Siobhan gave him a look. “I’m not going any closer.”
He shrugged, and left her behind. Councilman Gareth Tench was growing cold on the ground. He lay on his front, legs bent as if he’d collapsed in a heap. His head was turned to one side, eyes not quite shut. There was a dark stain on the back of his jacket.
“I’m guessing stabbed,” Rebus told the doctor.
“Three times,” the man confirmed. “In the back. Wounds don’t look all that deep to me.”
“Doesn’t take much,” Rebus stated. “What sort of knife?”
“Hard to tell as yet.” The doctor peered over his half-moon glasses. “Blade about an inch wide, maybe a little less.”
“Anything missing?”
“He’s got some cash on him…credit cards and such.
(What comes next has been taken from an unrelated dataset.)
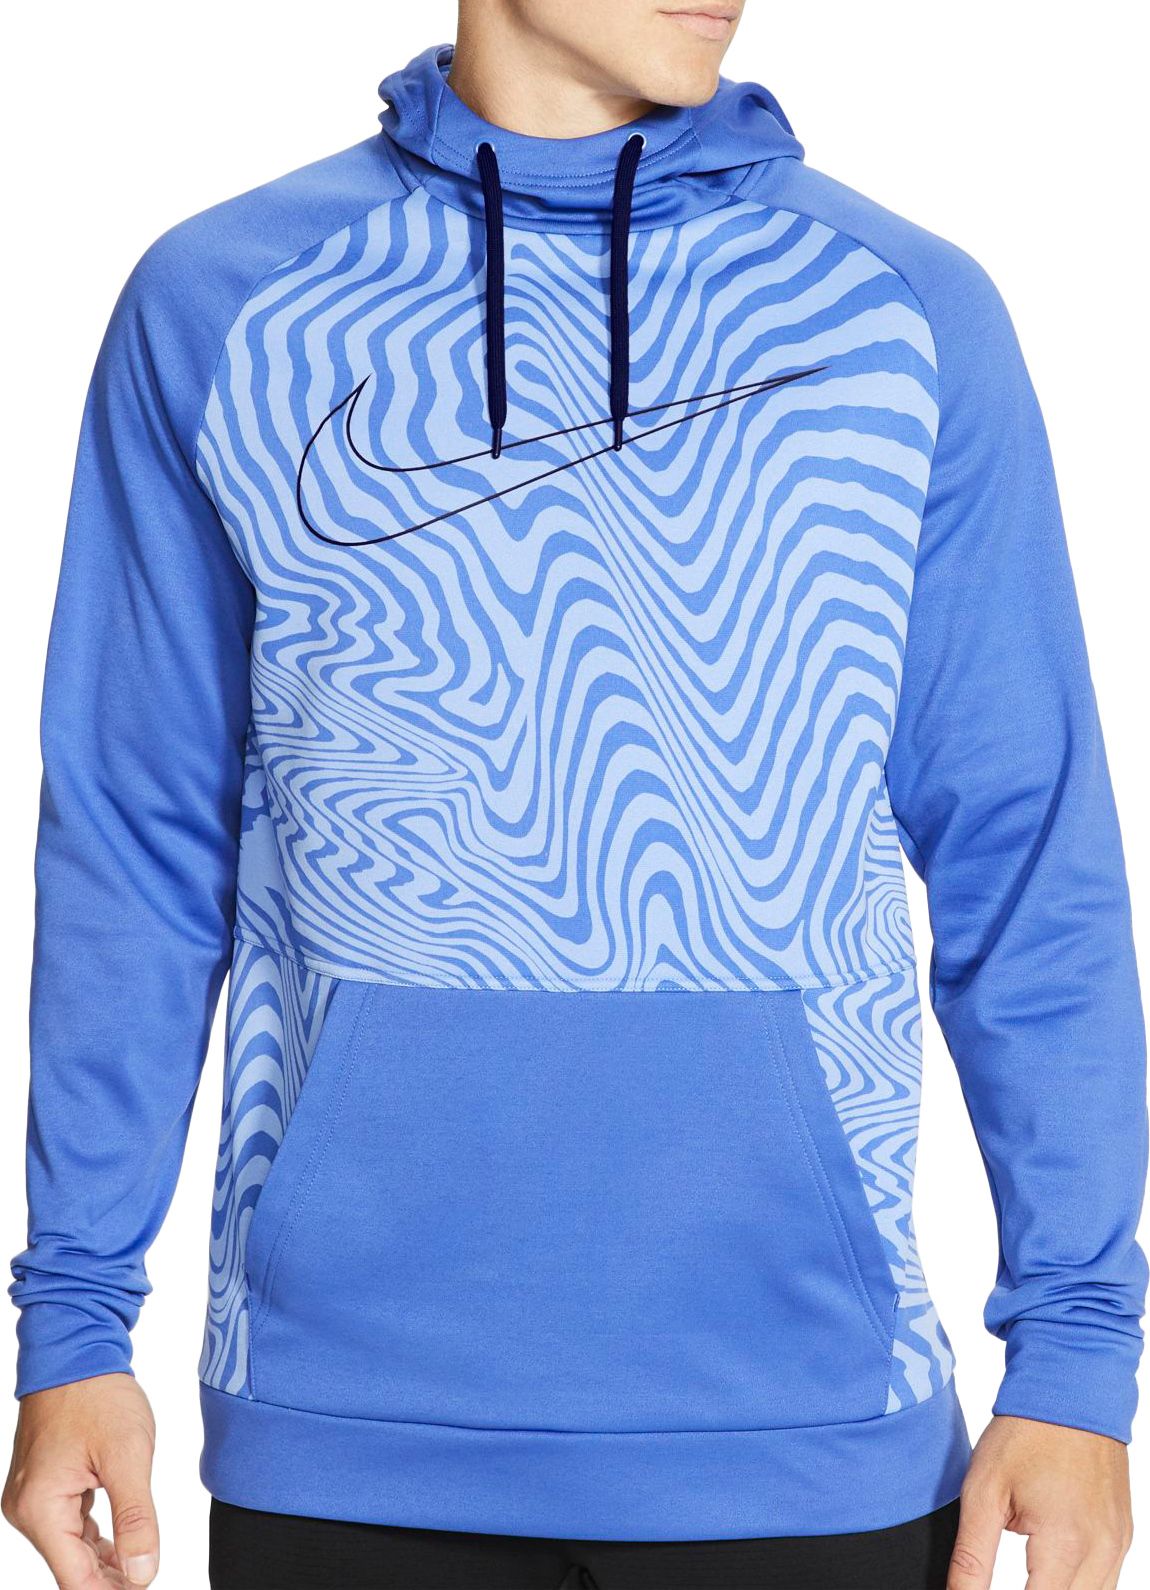 astronomy blue nike hoodie

Made identification that bit easier.” The doctor gave a tired smile and turned his clipboard toward Rebus. “If you could countersign here, Inspector.”
But Rebus held his hands up. “Not my case, Doc.” The doctor looked toward Siobhan, but Rebus shook his head slowly and walked off to join her.
“Three stab wounds,” he informed her.
She was staring at Tench’s face, and seemed to be trembling a little.
“Feeling the chill?” he asked.
“It’s really him,” she said quietly.
“You thought he was indestructible?”
“Not quite.” She couldn’t tear her eyes away from the body.
“I suppose we should tell someone.” He looked around for a likely candidate.
“Tell them what?”
“That we’ve been giving Tench a bit of grief. Bound to come out sooner or-”
She had snatched his hand and was dragging him toward the sports center’s gray concrete wall.
“What’s up?”
But she wasn’t about to answer, not until she felt they were far enough away. Even then, she stood so close to him that they could have been readying to waltz. Her face was hidden in shadow.
“Siobhan?” he prompted her.
“You must know who did this,” she said.
“Who?”
“Keith Carberry,” she growled. Then, when he didn’t respond, she raised her face to the heavens and screwed shut her eyes. Rebus noticed that her hands had become clenched fists, her whole body tensed.